小池氏が登壇するカンファレンスの開催を記念し、海外のドローンビジネス事情をまとめた書籍「ドローンビジネスレポート」より、内容を一部抜粋して紹介します。

 

商業ドローンがもたらす次世代作業循環

商業ドローンによるメリットは大きくふたつに分かれます。ひとつはコストダウン。
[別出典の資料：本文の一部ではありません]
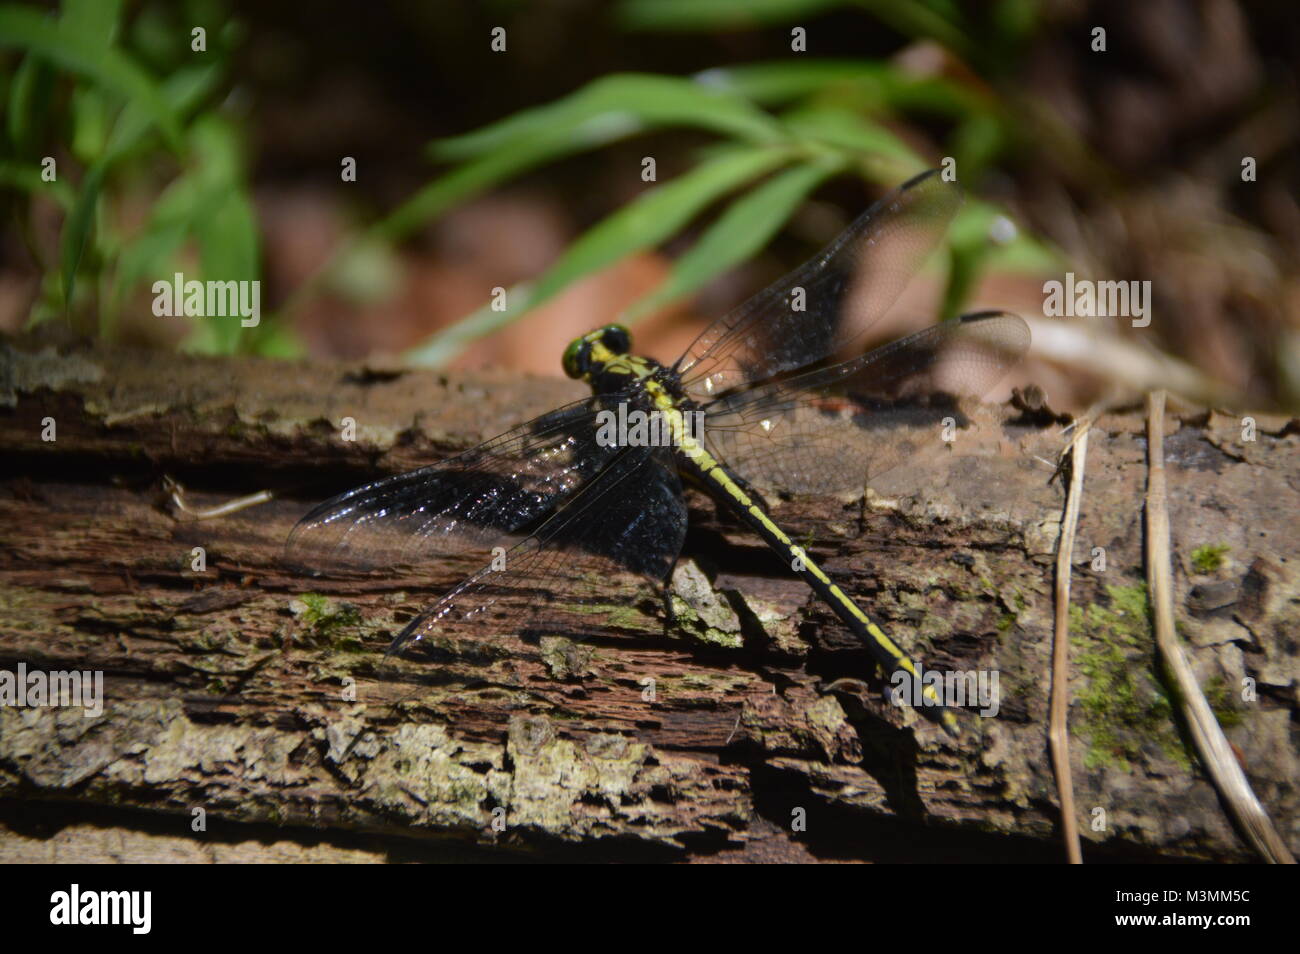 A green and black Dragonfly on log with some greenage in the background of the picture. Stock Photo

もうひとつは安全な作業環境の確保です。

コストダウンは、作業時間の短縮や作業の簡易化が重要なポイントです。たとえば、橋梁の検査では、橋の下までアームが伸びる特殊な車両を使って検査したり、人が橋桁から登ったり、ロープでぶら下がって検査します。また、携帯電話の基地局やテレビなどの放送塔では、人がロープにぶら下がって検査をしたり、ヘリコプターを使用します。このような作業は、ヘリコプターや専門重機のコストが高いこと、作業に危険性がともなうことが課題です。実際、米国には数十万本の携帯タワーがありますが、その検査作業で毎年、数名の死亡事故が起きています。商業ドローンを利用することで、こうした検査作業を短時間で安全にできれば、企業にとって大きなメリットが得られます。

 

スカイフィーチャーズHPより

Sky Futures社 HPより

実際、スカイ・フューチャーズ(sky-futures)社は、石油業界では世界的に有名なドローン検査事業者です。彼らのドローン検査は、契約額が数千万から数億円にも達します。では、なぜ企業はドローン検査に、それほど高額な費用を投じるのでしょうか。
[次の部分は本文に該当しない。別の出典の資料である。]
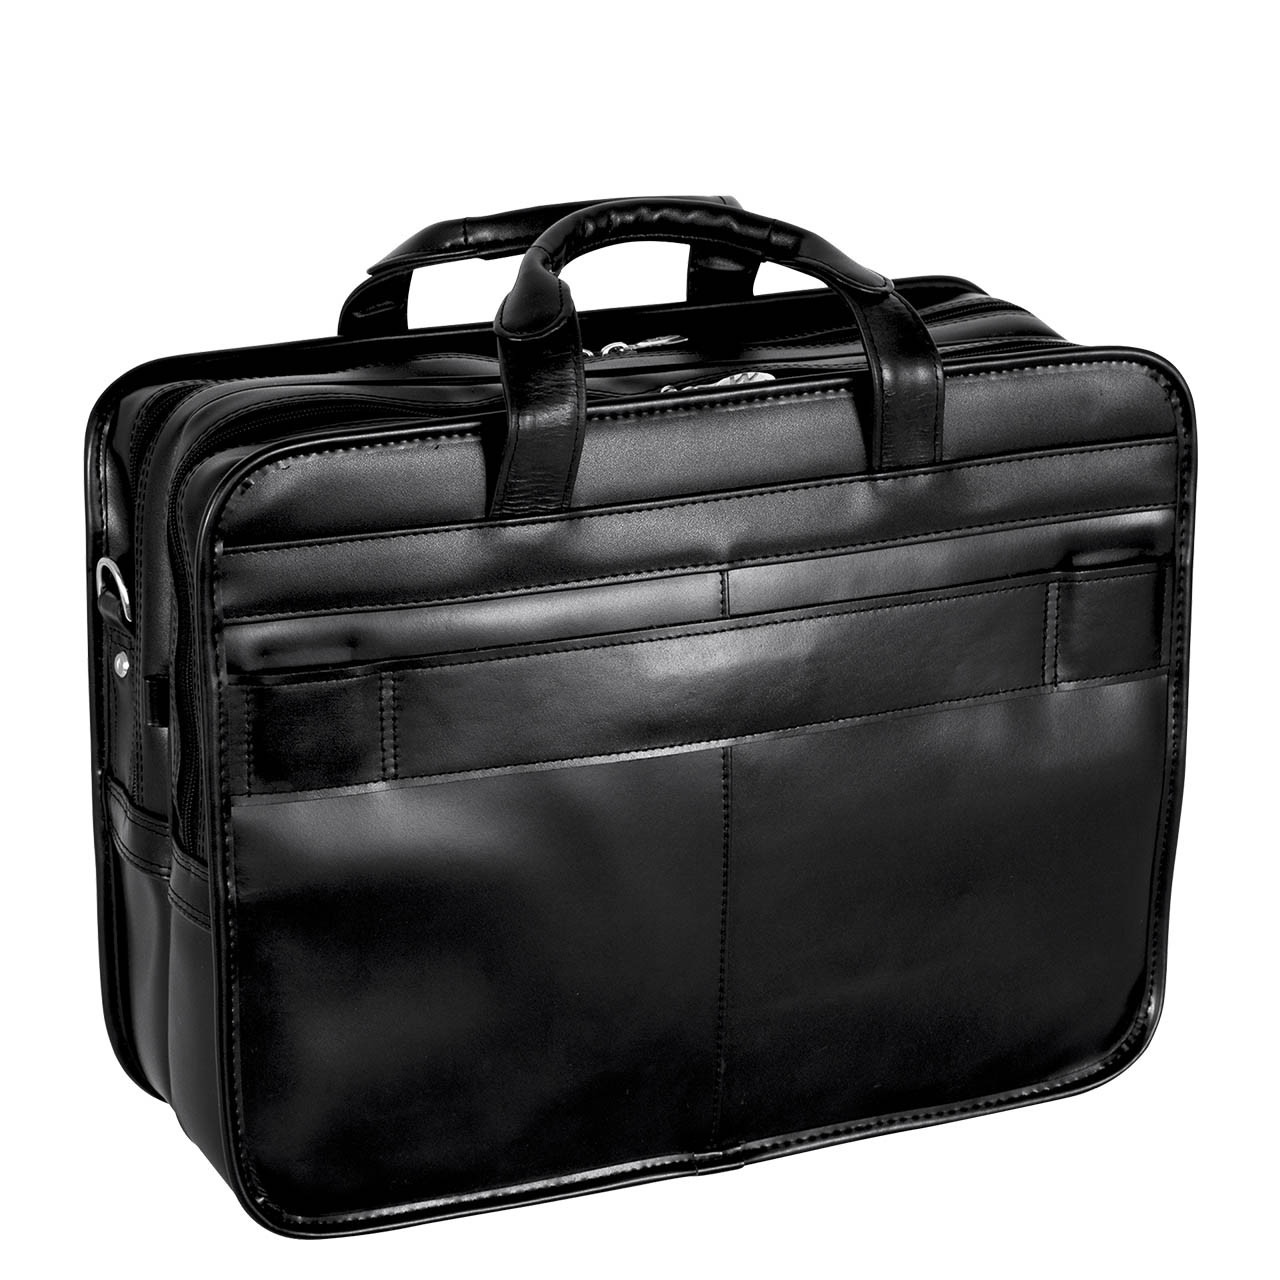 Franklin Covey Black Leather Briefcase

現在、同業界では、石油関連の設備を止め、作業員が足場などを組んで検査します。数カ月ごととはいえ、一定期間設備を止めなければなりません。設備を止めている期間は生産できないため、その損失は数億円になるでしょう。もし、「操業しながら」あるいは「停止期間を短縮」できれば、その費用削減効果は巨額です。加えて、作業員の安全確保も商業ドローンを利用する大きなメリットです。

スカイフューチャーズ Youtubeより

スカイフューチャーズ Youtubeより

スカイ・フューチャーズ社は、産業設備のドローン検査に特化して、必要に応じてさまざまな機体やセンサーを利用します。現場作業だけでなく、得られた画像データをAI 分析する後処理工程も、独自のソフトウェアを開発して提供しています。同社は最近、港湾設備や造船業界などにも進出して、こうしたトータル・ソリューションを提供しています。
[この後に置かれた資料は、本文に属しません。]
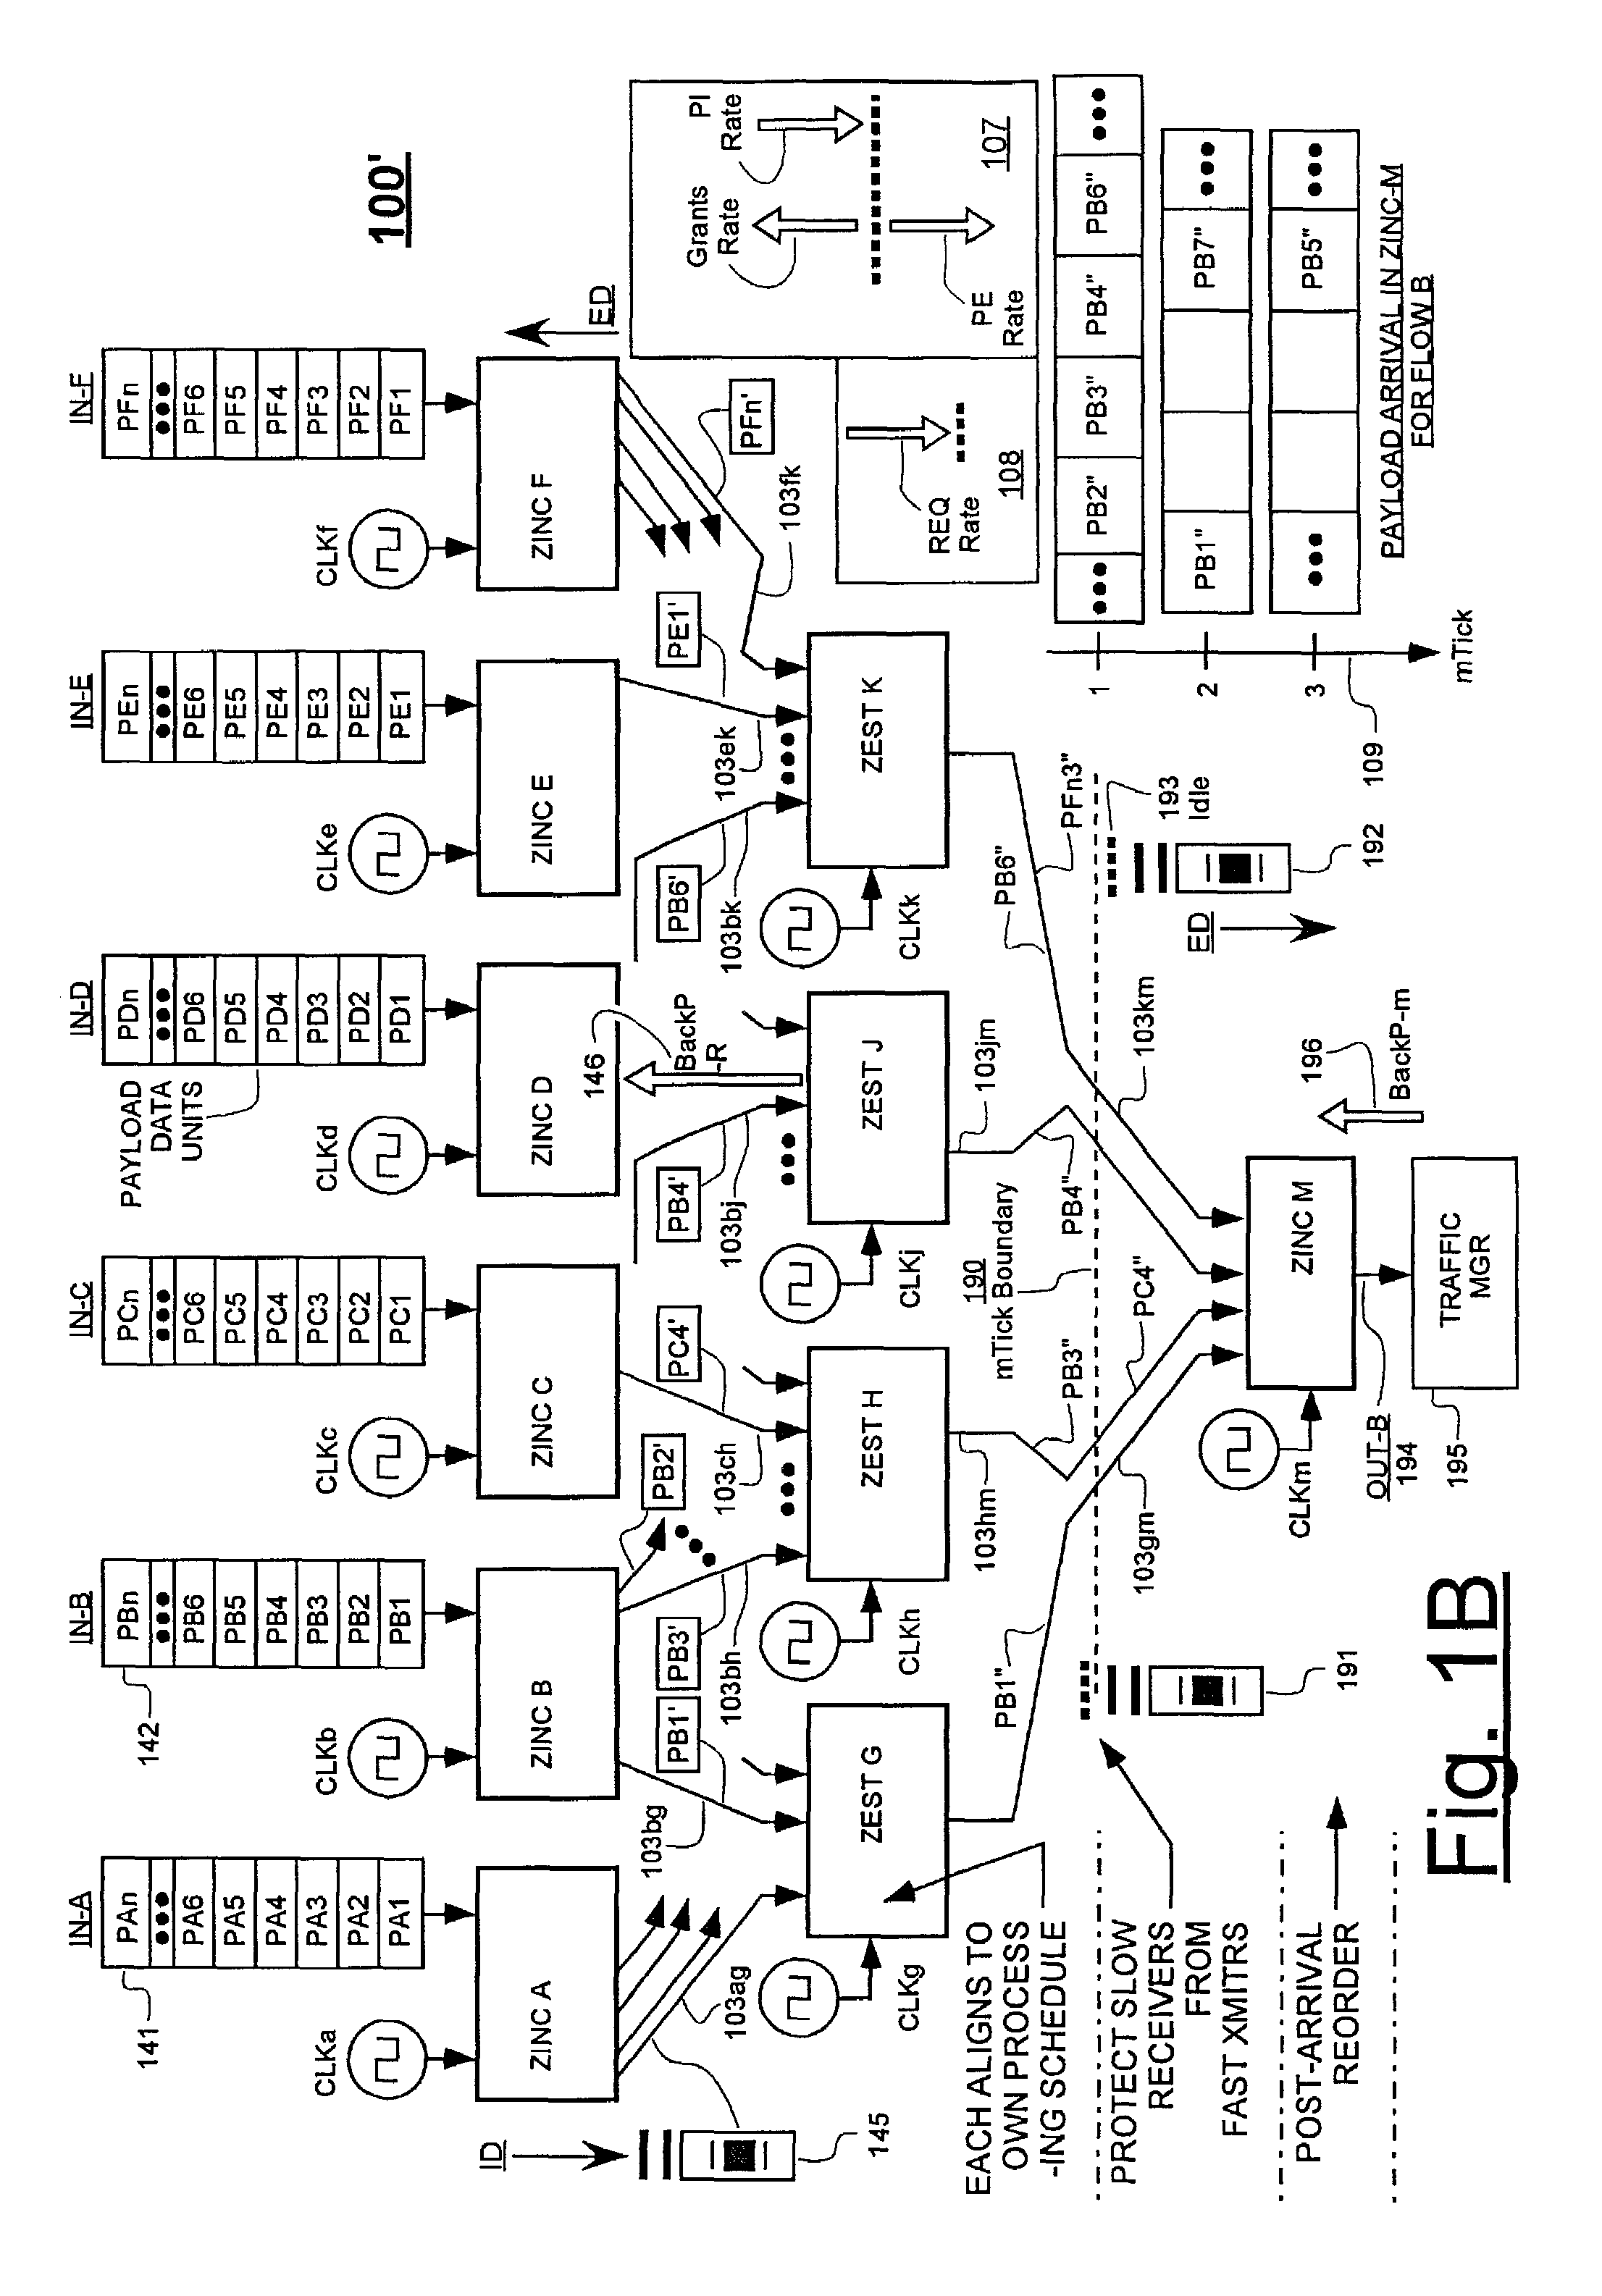 Variably delayable transmission of packets between independently clocked source, intermediate, and destination circuits while maintaining orderly and timely processing in one or both of the intermediate and destination circuits

一方、一般の企業ユーザーにとって、こうした大規模な商業ドローン検査は必要ないでしょう。その意味で、次に紹介するサンディエゴ・ガス・アンド・エレクトリック社はドローン点検のパイオニアとして有名で、良い参考となるはずです。

 

ヘリコプター業務の変わりを担える手軽なツール

San Diego Gas & Electric社 HPより

San Diego Gas & Electric社 HPより

サンディエゴ・ガス・アンド・エレクトリック(San Diego Gas & Electric:以下SDGE)社は、カリフォルニア州サンディエゴ市などに電気やガスを供給している中堅のエネルギー事業者です。米国海軍の主要拠点で、携帯チップ大手クアルコム(Qualcomm)社などのハイテク企業が集積する地域としても知られています。

SDGE社 事業エリア

SDGE社の営業面積は、約10,619平方キロメートル。だいたい岐阜県と同じ広さです。主力事業は電力とガスの配給で、電力配線網は総距離約3万6,000キロメートルです。変電設備が大小約1万7,000 カ所、配電用電柱約22万本、電力の契約者は約340万世帯に達します。

同社は、2014年から社内プロジェクトを立ち上げて商業ドローンに取り組んできました。目的はふたつ。ひとつは、ドローンという新しい技術を熟知すること。ふたつ目は業務に利用するメリットがあるかを確かめ、運用方法を確立することです。
予備実験を繰り返しながら、同社はドローン点検の利用範囲として、以下の業務を想定しました。

  1. 停電の原因箇所の特定
  2. ガスや電力配給網の定期点検
  3. ヘリコプターや地上要員がアクセスしにくい遠隔地・難所にある設備点検
  4. 山火事の状況を的確に把握する情報収集
  5. 大型重機やヘリコプターの使用を減らし、環境保全と騒音の軽減、コストカット

4番目の山火事は、SDGE社らしい利用方法といえます。カリフォルニア州南部は、乾季に大規模な山火事に見舞われます。1週間以上続くこともあり、電力やガス配給網も大きな被害に遭います。

 

従来方式とドローン利用を比較して効率の良さを確認

SDGE社は、FAA(連邦航空局)から2014年にSection333 飛行免許を取得(現在はPart 107免許)し、最近は電力配電網の点検業務に焦点を絞って、ドローンの導入効果を詳しく調べるパイロット・プログラムを実施しています。これから紹介するデータは、2017年秋にシリコンバレーで開催されたドローンワールドエキスポで、SDGE社が発表した資料とインタビューに基づいています。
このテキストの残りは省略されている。